Desde a entrada de Portugal na Comunidade Económica Europeia (em 1986) até 2009 os aumentos salariais na função pública, mais ou menos generalizados, eram uma constante. O ano de 2009 foi o último em que houve aumentos e 2010 marca o início de um longo calvário para os funcionários públicos confrontados com cortes nas remunerações e congelamento das progressões. Só em 2015, já sem a troika em Portugal, se iniciou a reversão dos cortes e em 2018 retomaram-se as progressões. Mas com as legislativas no horizonte, aumenta a pressão para que em 2019 seja retomada a actualização dos salários.
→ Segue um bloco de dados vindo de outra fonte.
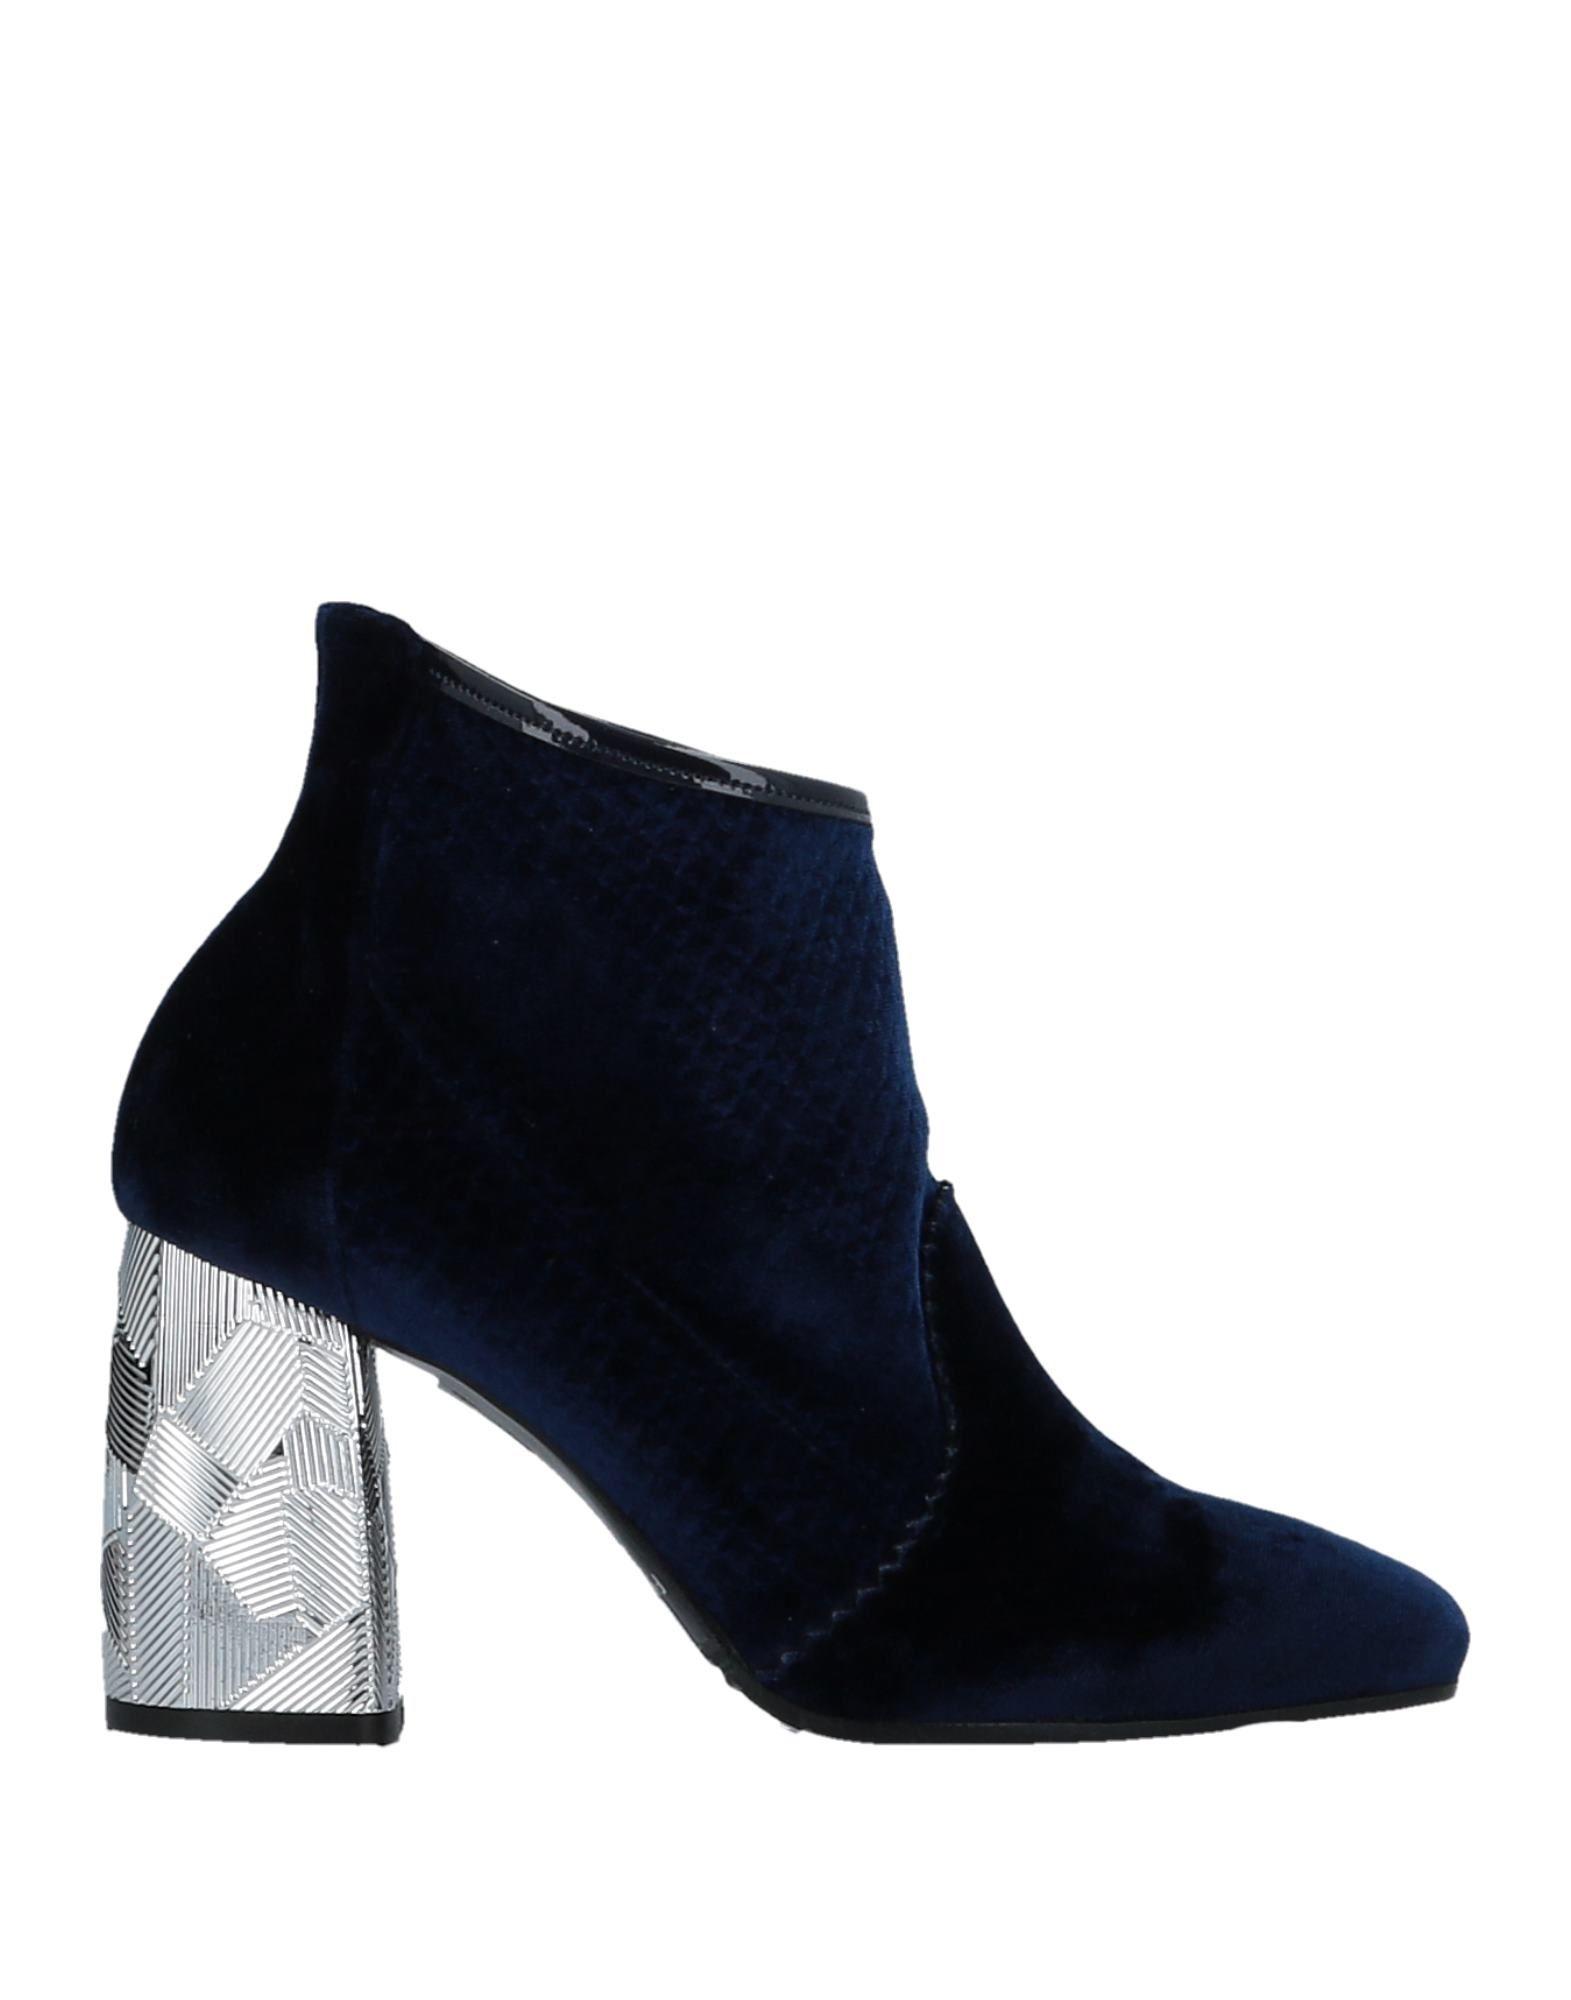 Moda Stivaletti Fiorangelo Donna - 11510729SH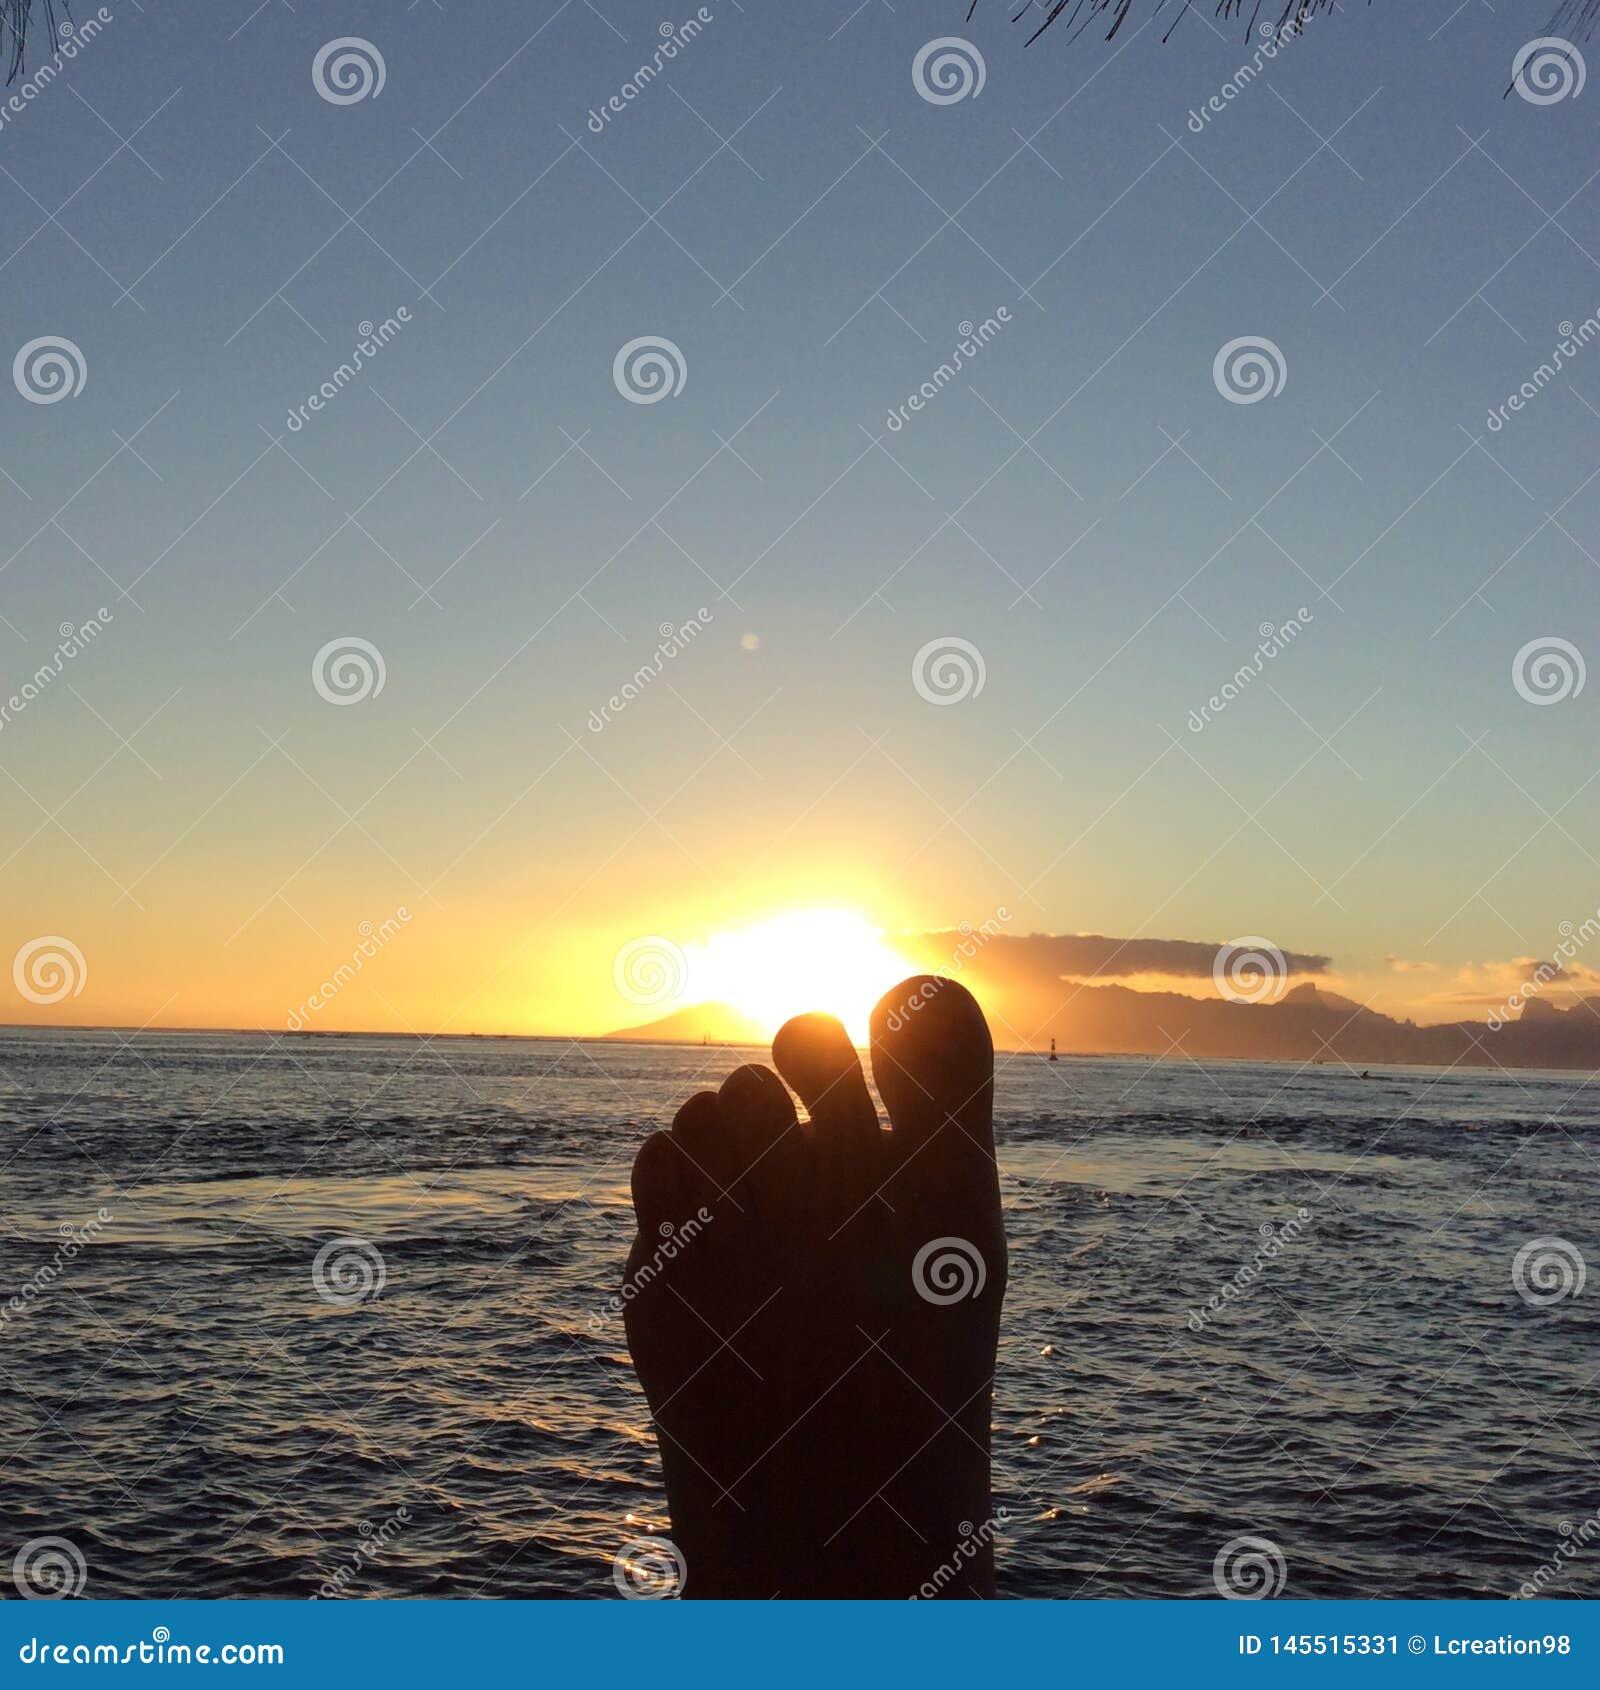 Sunshine and foot

A dúvida que se coloca é se haverá margem para aumentos do próximo ano? Nesta segunda-feira o primeiro-ministro não fechou totalmente a porta a que isso aconteça, mas remeteu a discussão – seja ela qual for – para quadro do Orçamento do Estado para 2019.

No final da sessão de abertura do seminário dos cônsules honorários na Fundação do Oriente, em Lisboa, António Costa lembrou que já foram eliminados os cortes nos vencimentos, salvo aos titulares de cargos políticos, e que está a decorrer o descongelamento das carreiras. “Desde o início da legislatura, todos os anos os funcionários públicos têm visto a aumentar os seus rendimentos, e assim será para o ano, quanto mais não seja com a prossecução do processo do descongelamento das carreiras”, afirmou.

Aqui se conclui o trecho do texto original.